━━ Supplied information

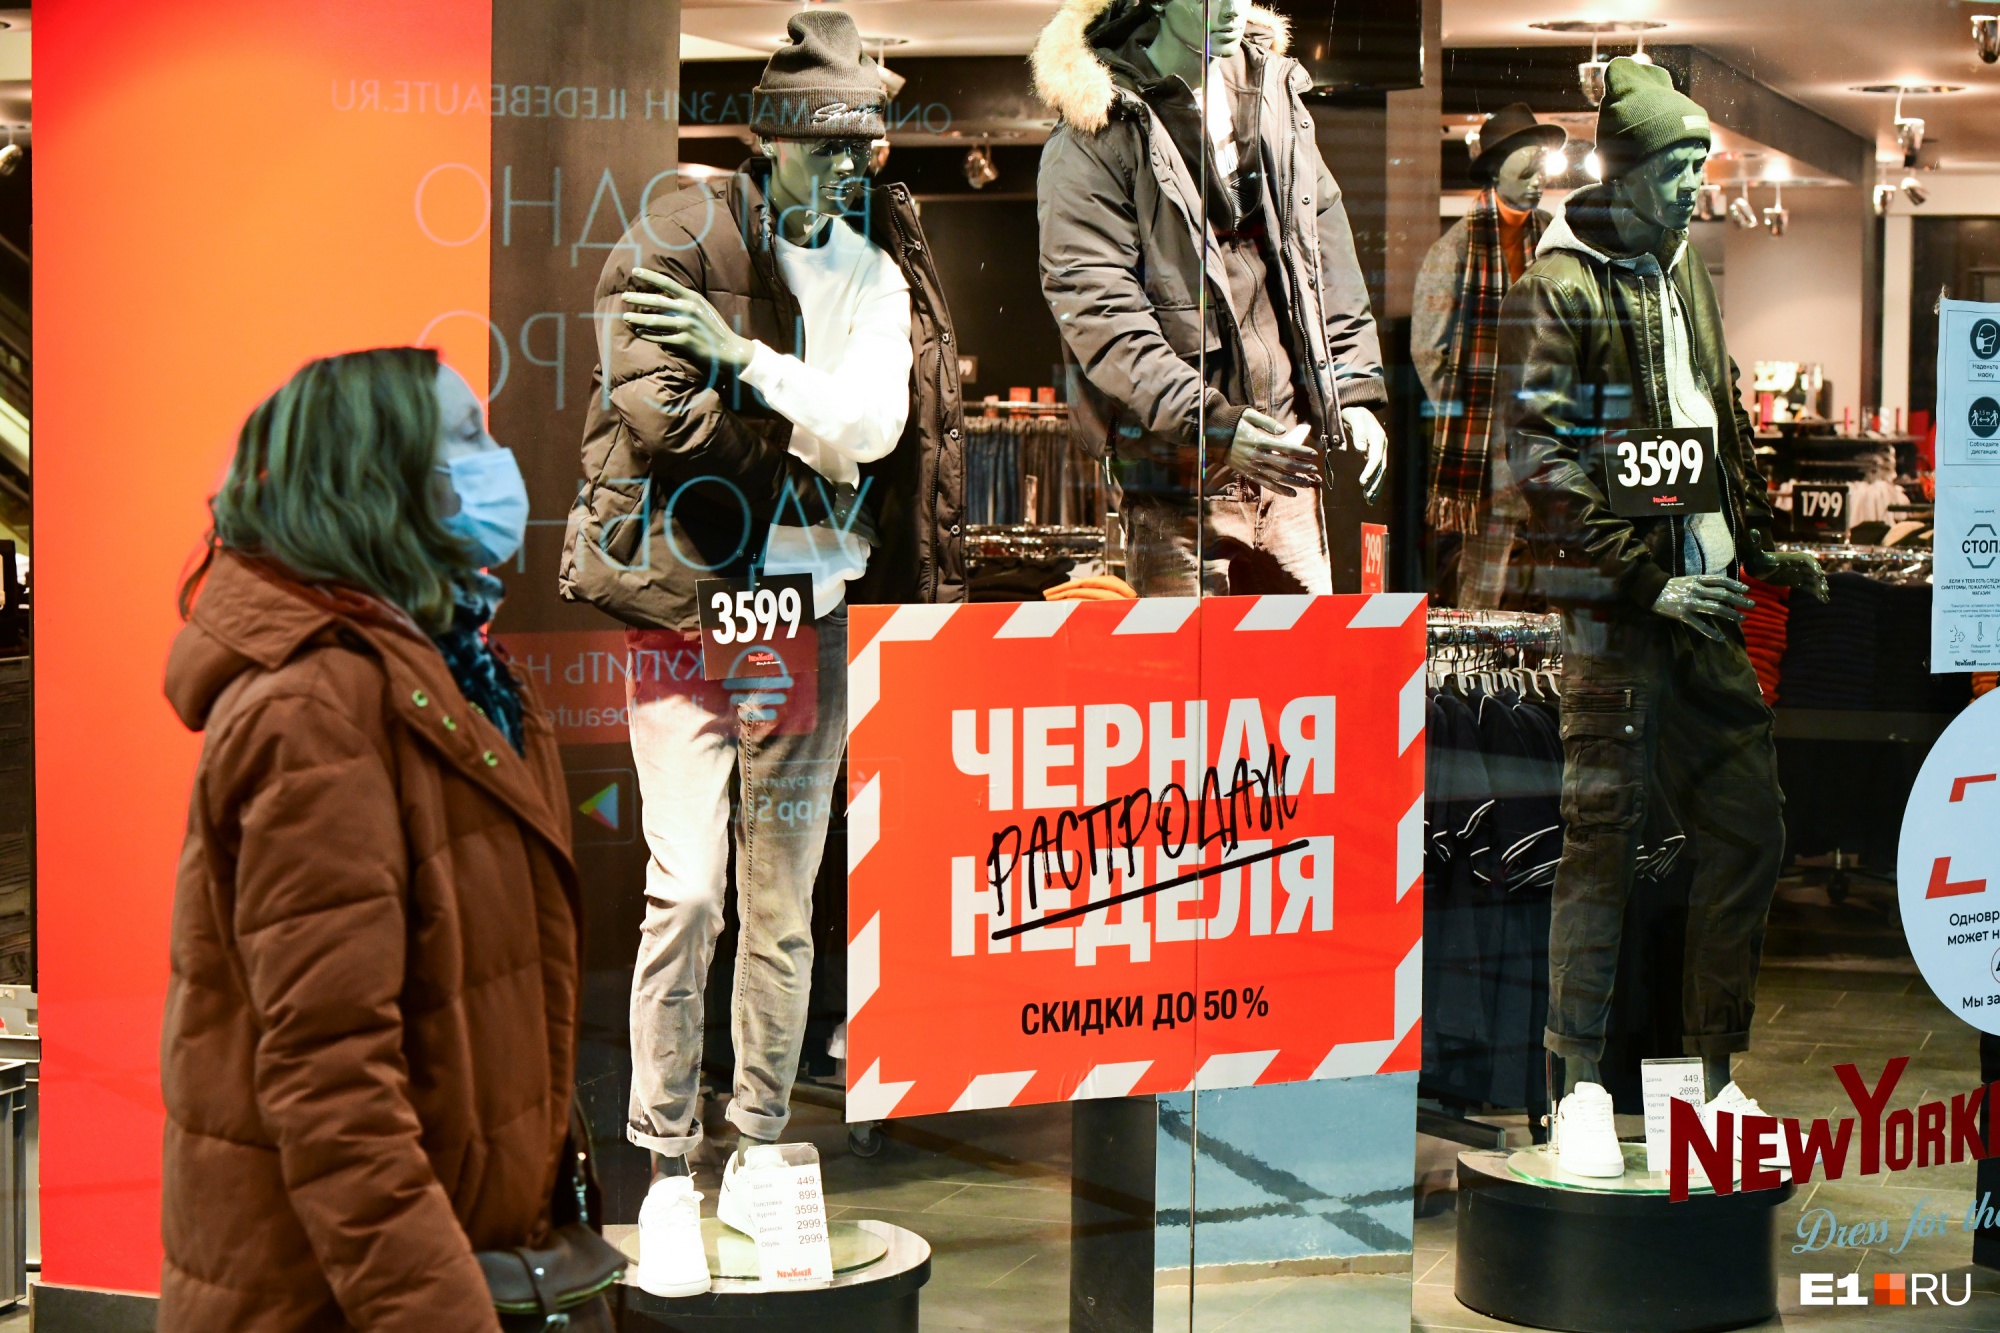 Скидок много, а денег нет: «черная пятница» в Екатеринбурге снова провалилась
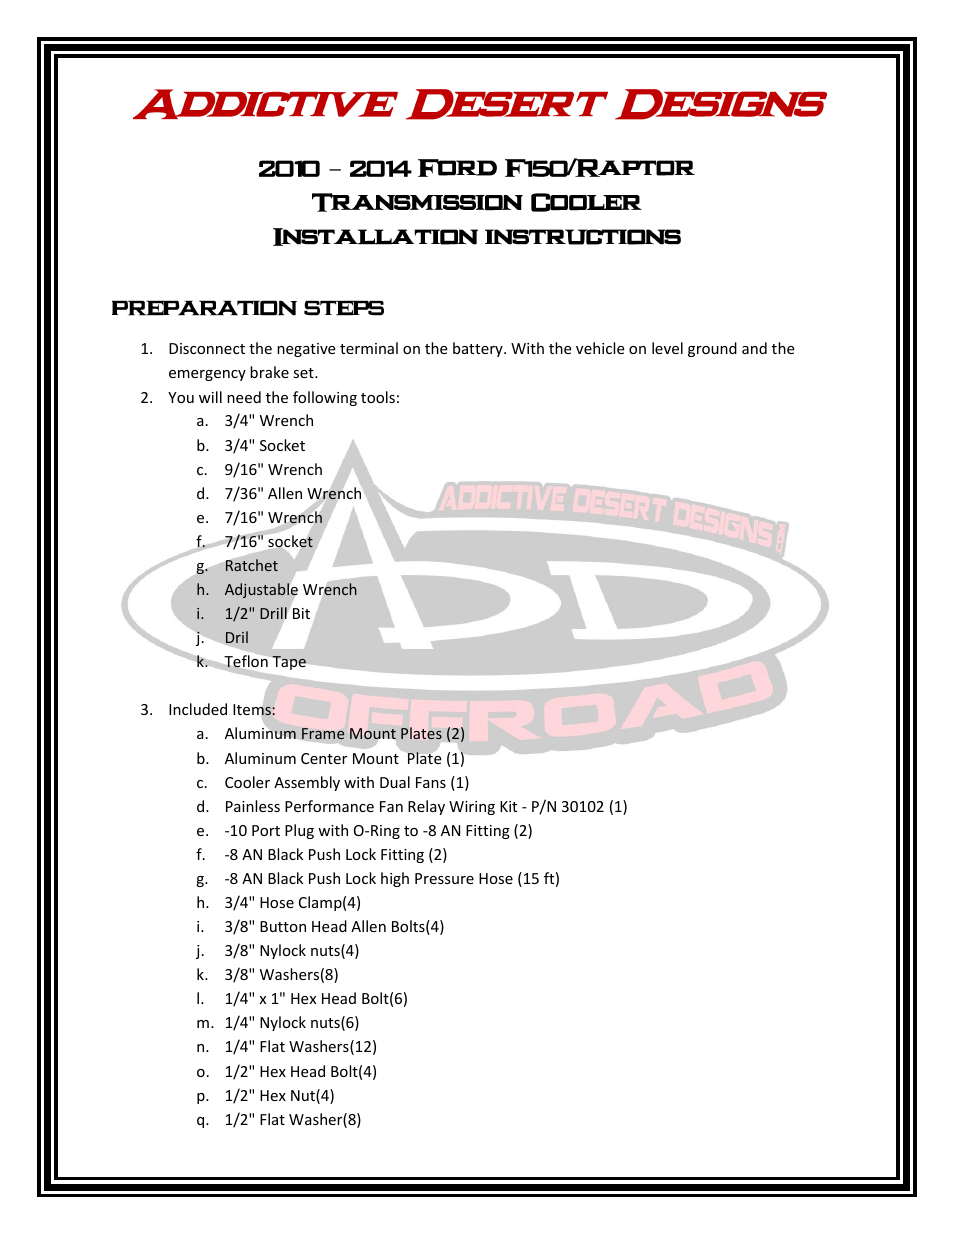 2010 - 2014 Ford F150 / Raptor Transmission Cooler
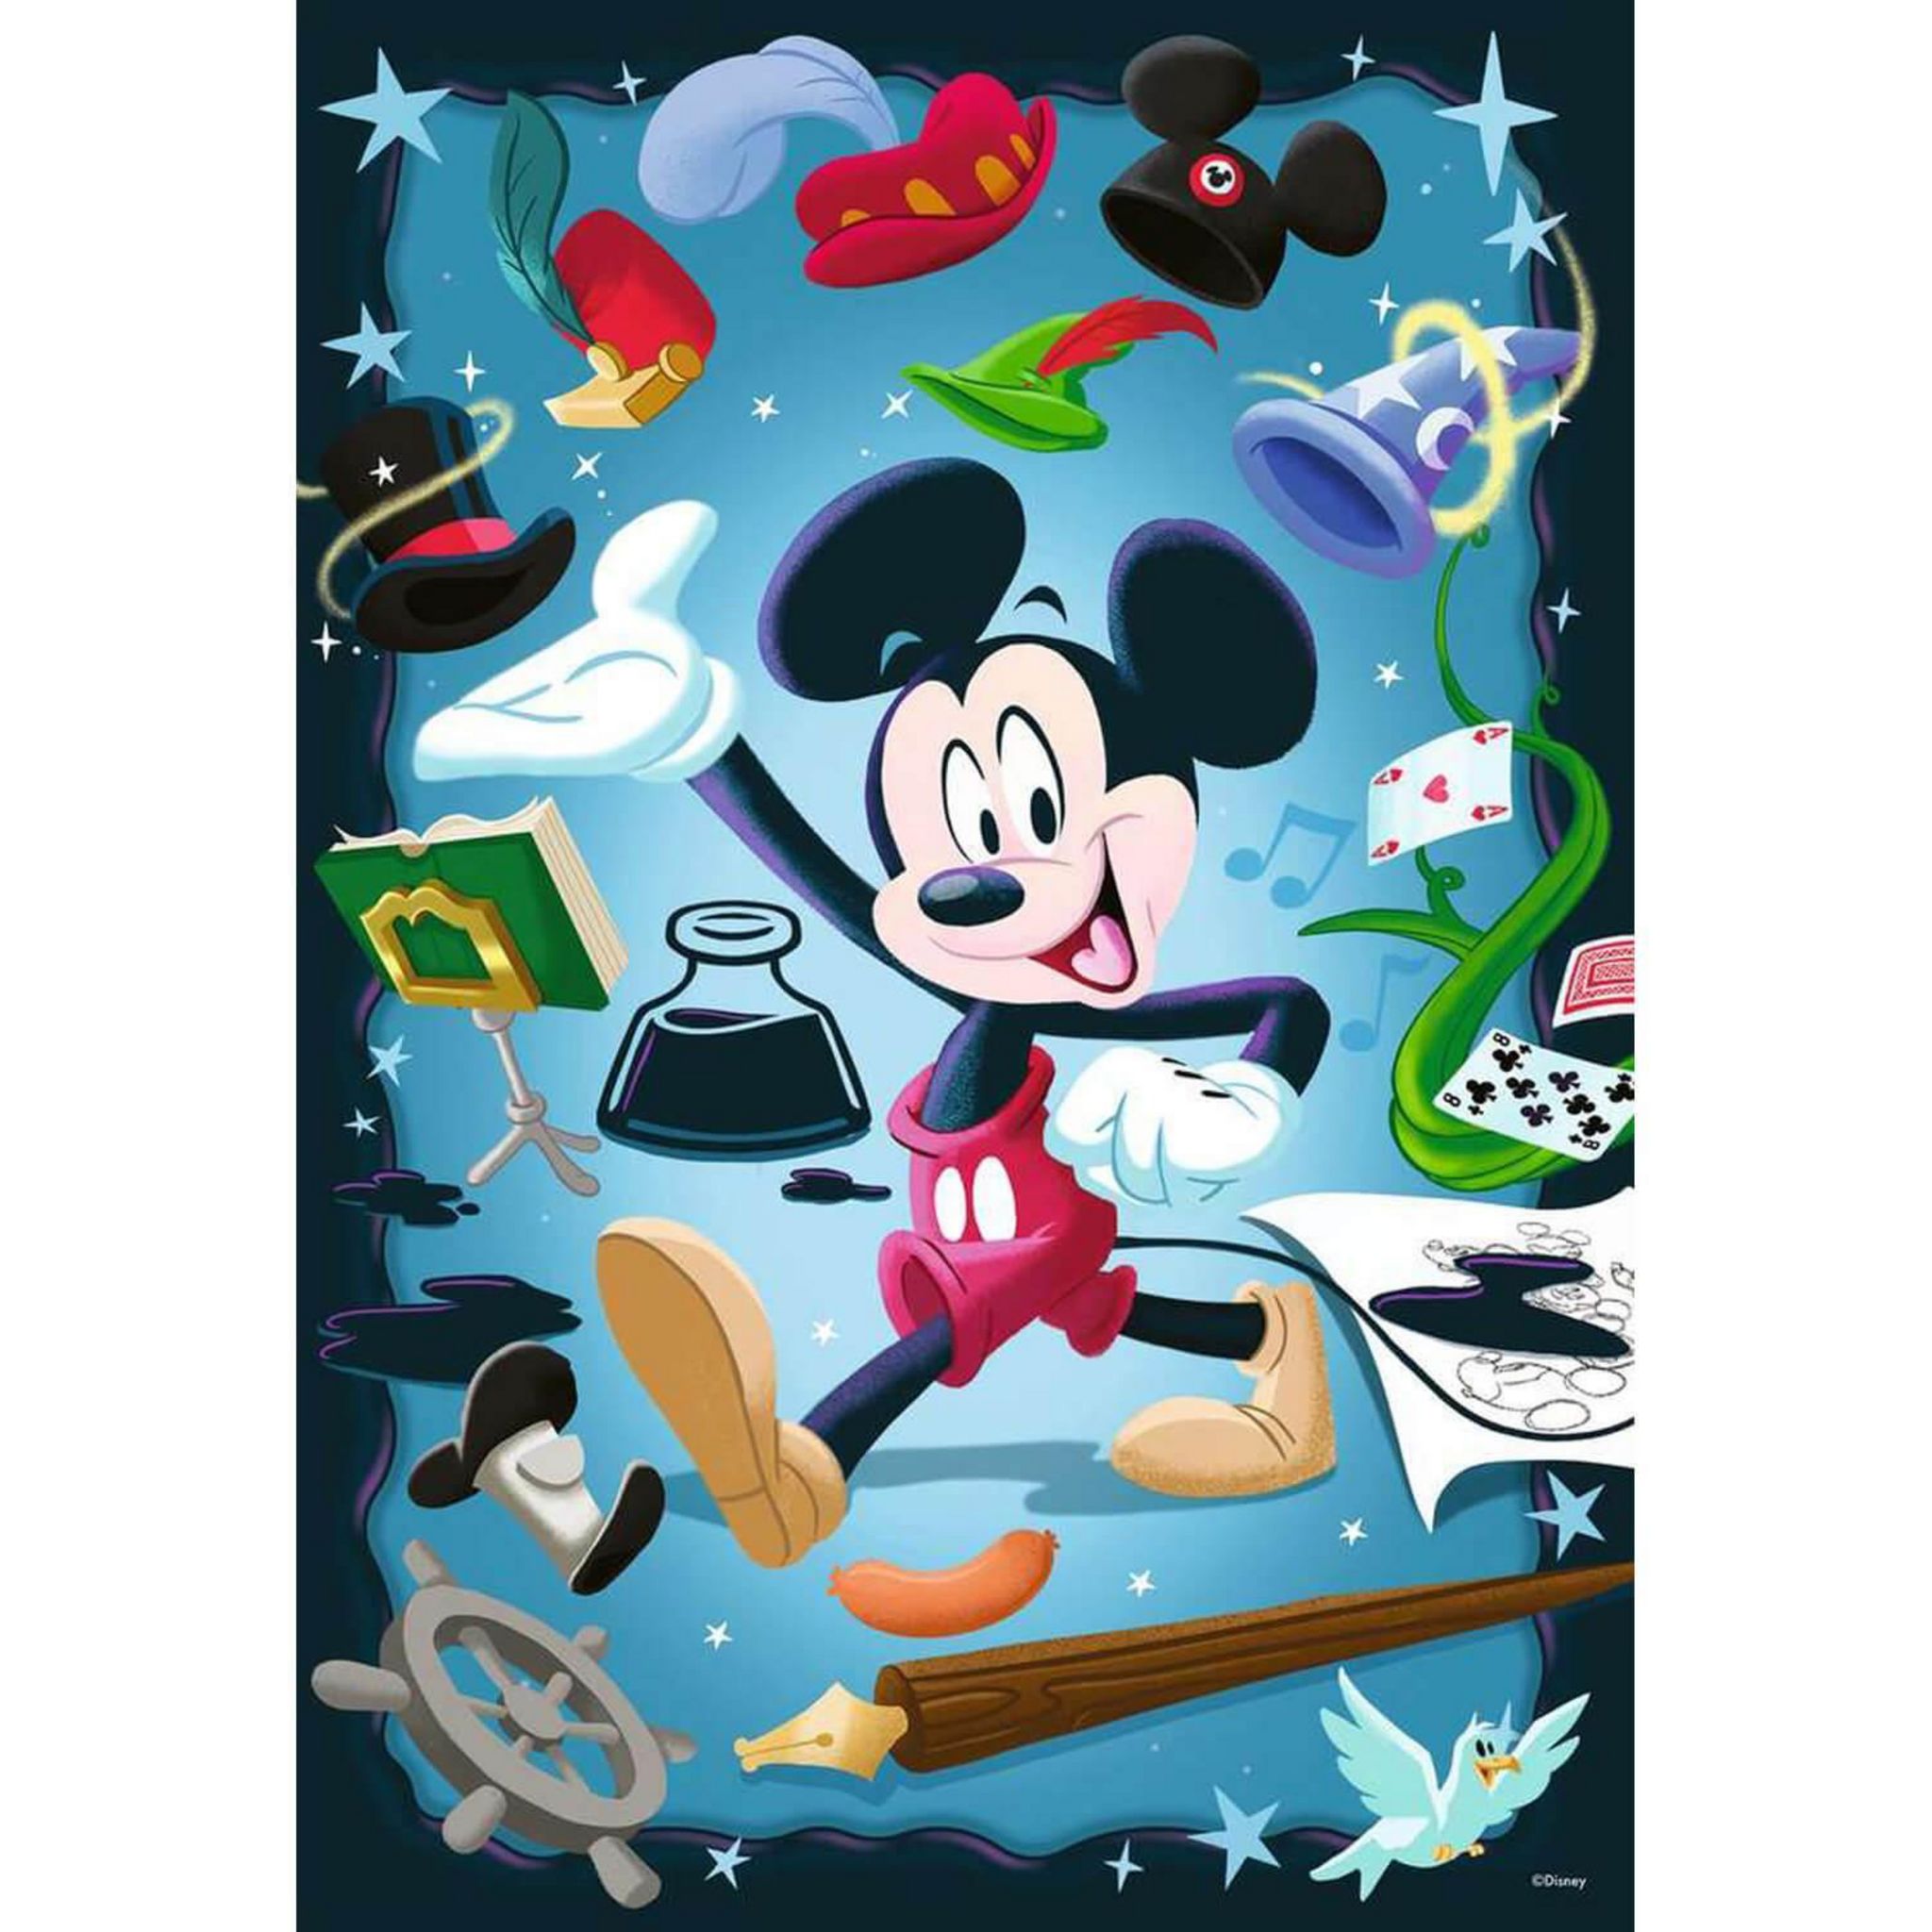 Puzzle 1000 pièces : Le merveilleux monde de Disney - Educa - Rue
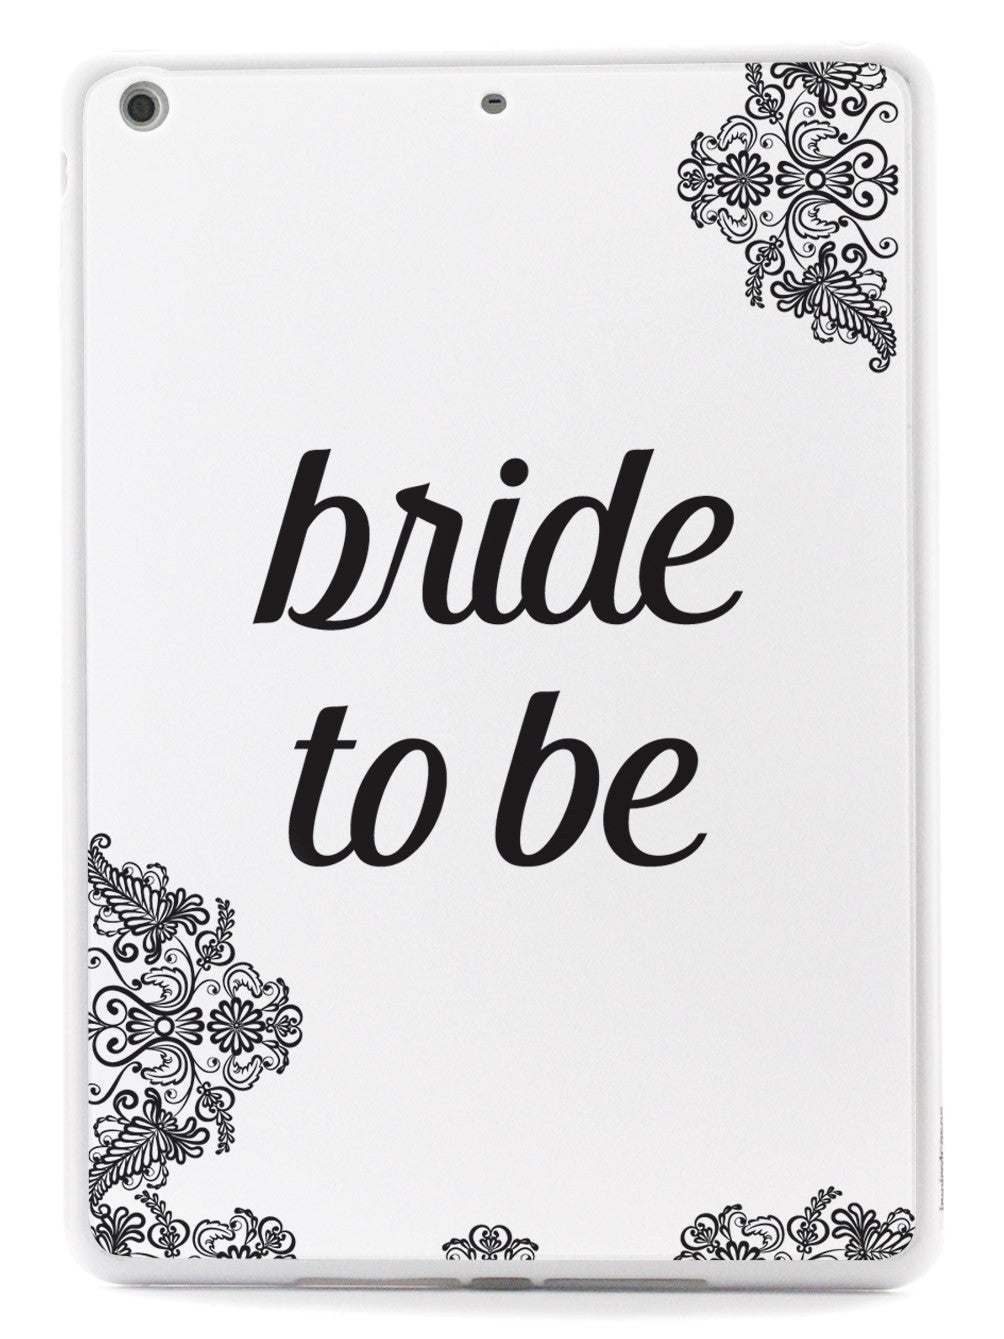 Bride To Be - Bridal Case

━━━━

**Exercise goal**.
In the answer, all of the material should appear exactly as given, with no picture carried over.

**Task response**.
 Скидок много, а денег нет: «черная пятница» в Екатеринбурге снова провалилась
 2010 - 2014 Ford F150 / Raptor Transmission Cooler
 Puzzle 1000 pièces : Le merveilleux monde de Disney - Educa - Rue
 Bride To Be - Bridal Case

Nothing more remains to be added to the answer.